When I decided to travel to Turkey, Istanbul there were a number of things I wanted to see and do; The Blue Mosque, Topkapi Palace and a Bosphorous Cruse are just a few. The first of these experiences for me was a Turkish Bath.
The Turkish Baths come from a combination of multiple cultures, including Roman and Anatolian. Muslims also must clean themselves before daily prayers, which are one of the 5 pillars of Islam. Therefore, these bathing traditions fit seamlessly into Islamic culture as well.
After stumbling through some narrow alleys, my travel buddy Jackson and I found a recommended bathhouse and descended down the steps. We entered a large room with a marble floor and wooden changing rooms. There, a man gave us a choice of packages. Jackson decided on the budget self-service package, but as a man comfortable with his sexuality I decided on both a serviced wash and oil massage. We were given keys to an individual changing room, where we left our clothes and put on our approved thongs and towel (read: tea towel).
We went to the entrance of the Turkish bath and were met by a large, hairy, Turkish attendant, also wearing just a tea towel, who appeared to be suffering from a kebab-induced food pregnancy. We followed him into the steamy marble grotto, which centered around a marble bench with basins on the wings for washing and doors that led to a steam room and sauna. The room was decorated with an assortment of Turkish men of all shapes and sizes, all washing themselves and in their own towels and thongs.
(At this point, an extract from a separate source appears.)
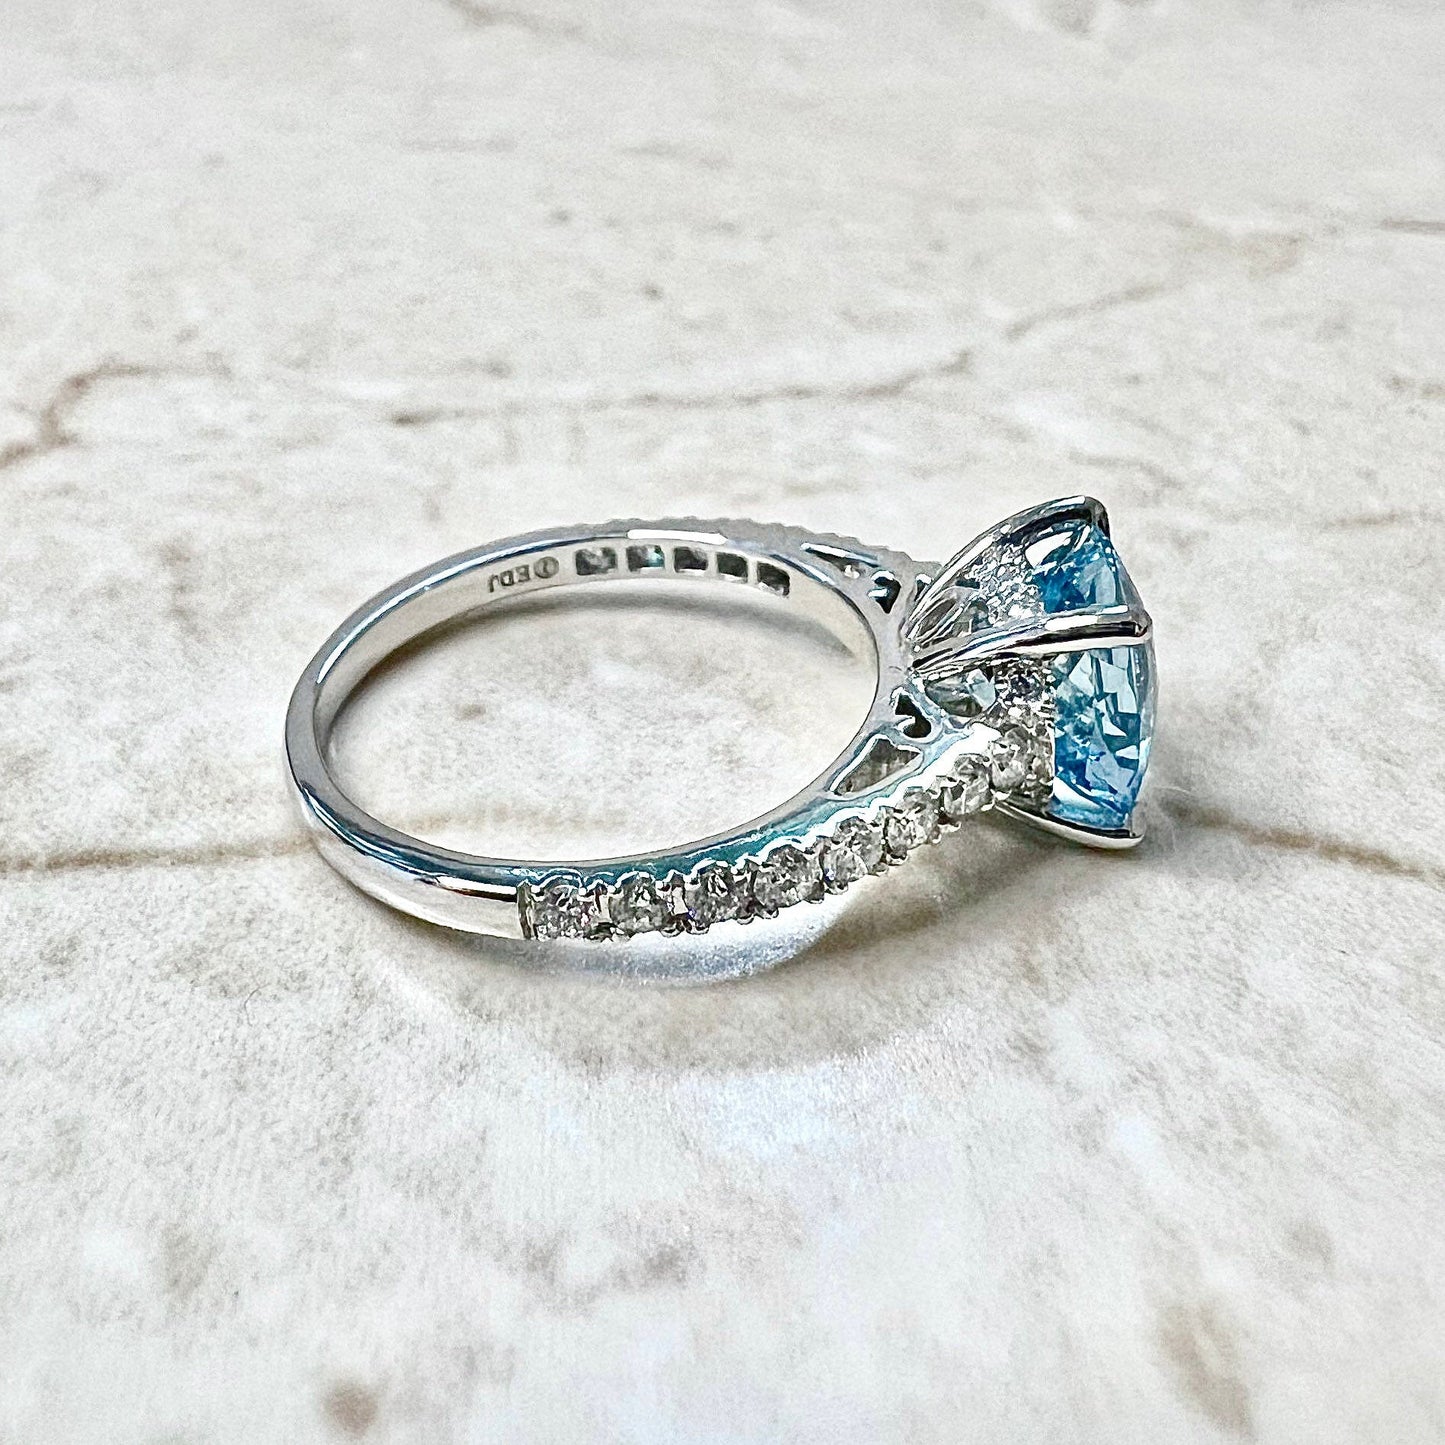 Platinum Aquamarine & Diamond Solitaire Ring - Aquamarine Ring - Aquamarine Solitaire - Aquamarine Engagement Ring - March Birthstone Ring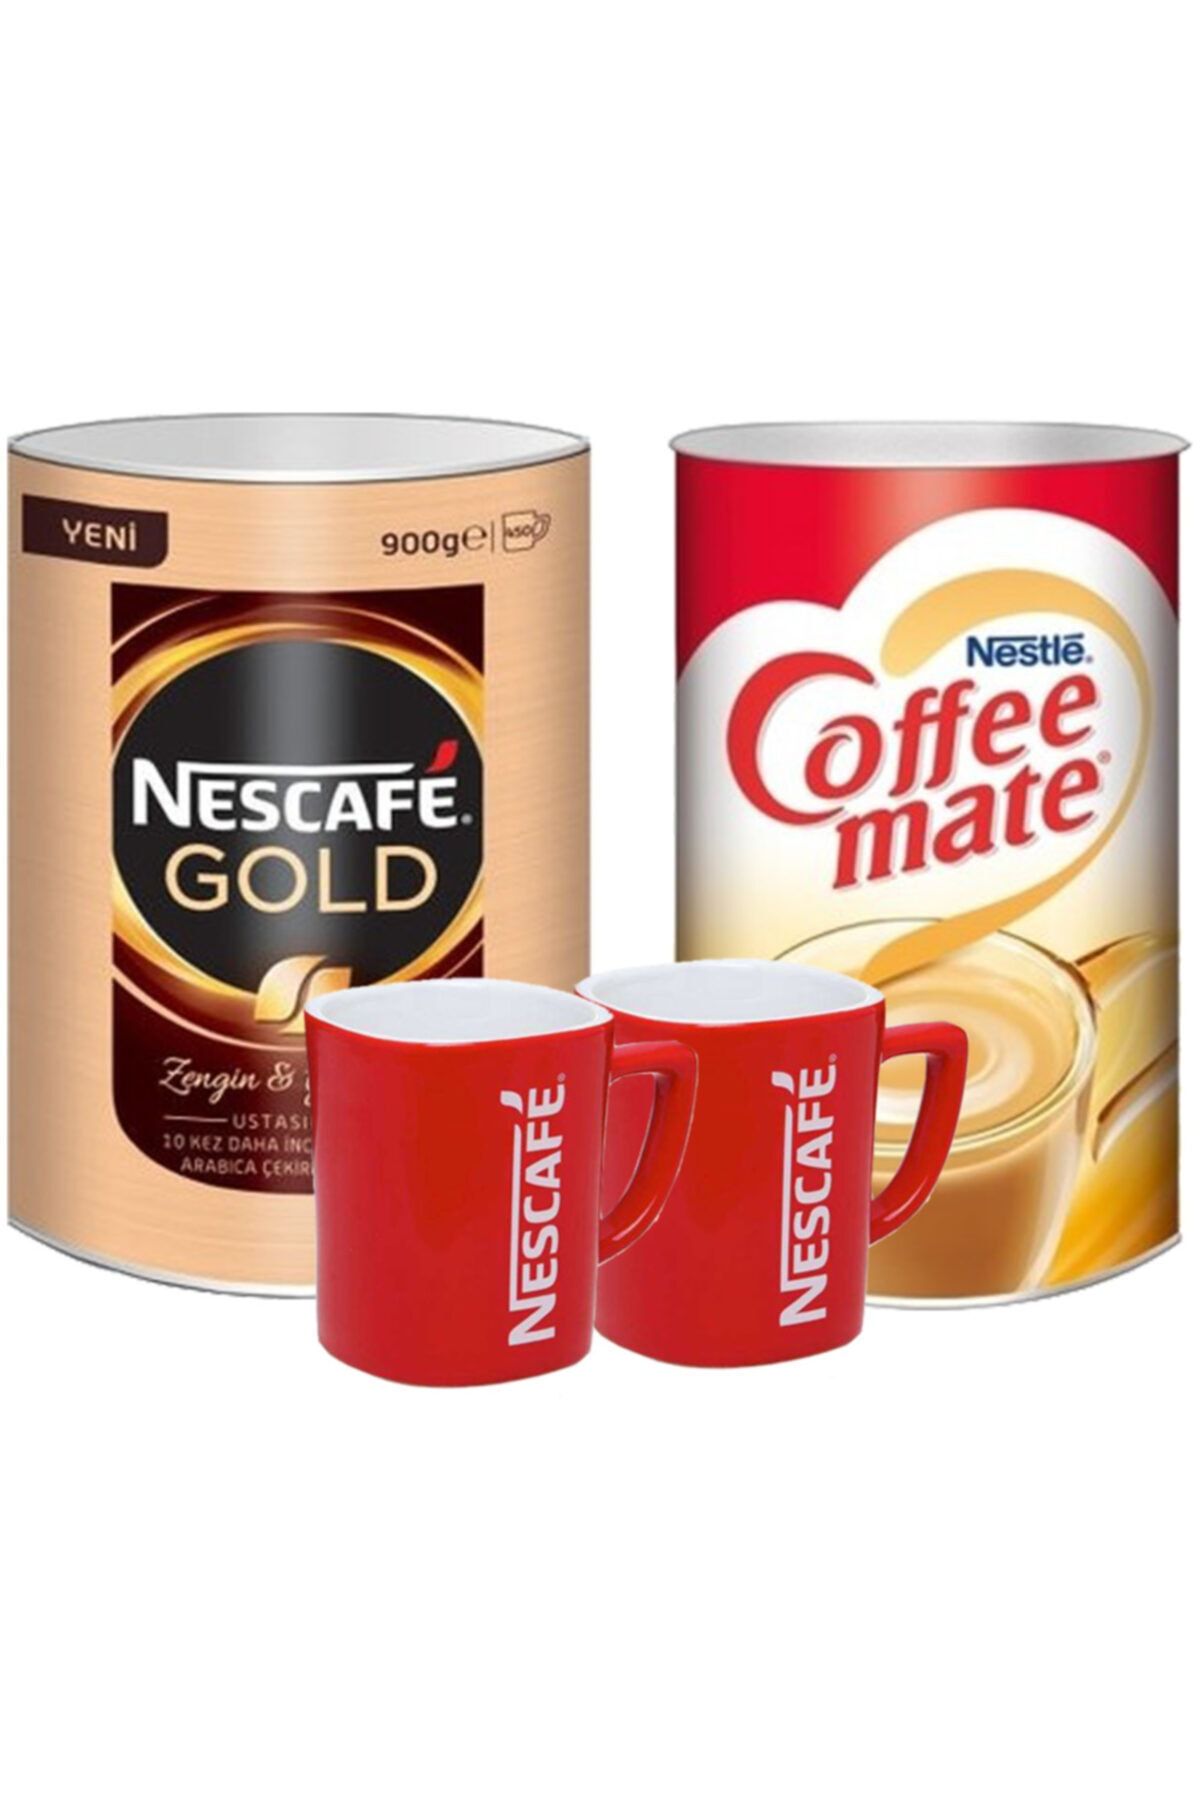 Nescafe Gold Granül Kahve 900 Gr  Coffee Mate 2 Kg  Kupa Bardak 2'Li

He pointed to the sauna and commanded us to “Go! Sweat! Make clean!”. We followed his instructions and after fifteen minutes, a smaller, leaner attendant took me to one of the basins. There, he began to scrub me with a black hessian object, mixing it up with intermittent saturations of soap and unexpected buckets of water.
Now clean, he led me to the central and very visible marble bench where a towel had been placed. I laid face up and my attendant untucked my towel and folded it into an indecently small triangle to cover my genitals. He then continued the wash and massage that could best be described as a rough but somewhat pleasant tour of all the pressure points in my body. He then rolled me over onto my stomach, quickly moving the towel as he did in order to keep my dignity intact. The finale to what was quickly becoming torture was a back-crack, which involved the attendant grabbing the skin on my spine between his knuckles and twisting and pushing down.
Hallelujah! I had survived without vocalising my pain, bruised but richer for the experience. I thanked the attendant, who replied: “Now oil massage”. Crap. I was led to a more private marble bench with yet another towel for yet another painful rub down. Again, I lay down, realising I did not know my attendant’s name. Should I ask him? Is this an anonymous thing? Should I give him my name first and see if he gives me his? I stopped caring when the pain started again, this time with the addition of oil and a harsh line of questioning. He would alternate between “Good massage?” and “Massage good?”, and I’d answer with a quick “Yep” whilst trying not cry as he jammed his stubby fingers into my back.
But before I knew it, my back was slapped and my Turkish bath experience was over. In an odd painful way it was still enjoyable and, if you’re ever in Istanbul, I’d recommend it. I would give it 3.5 hairy Turkish men out of 5.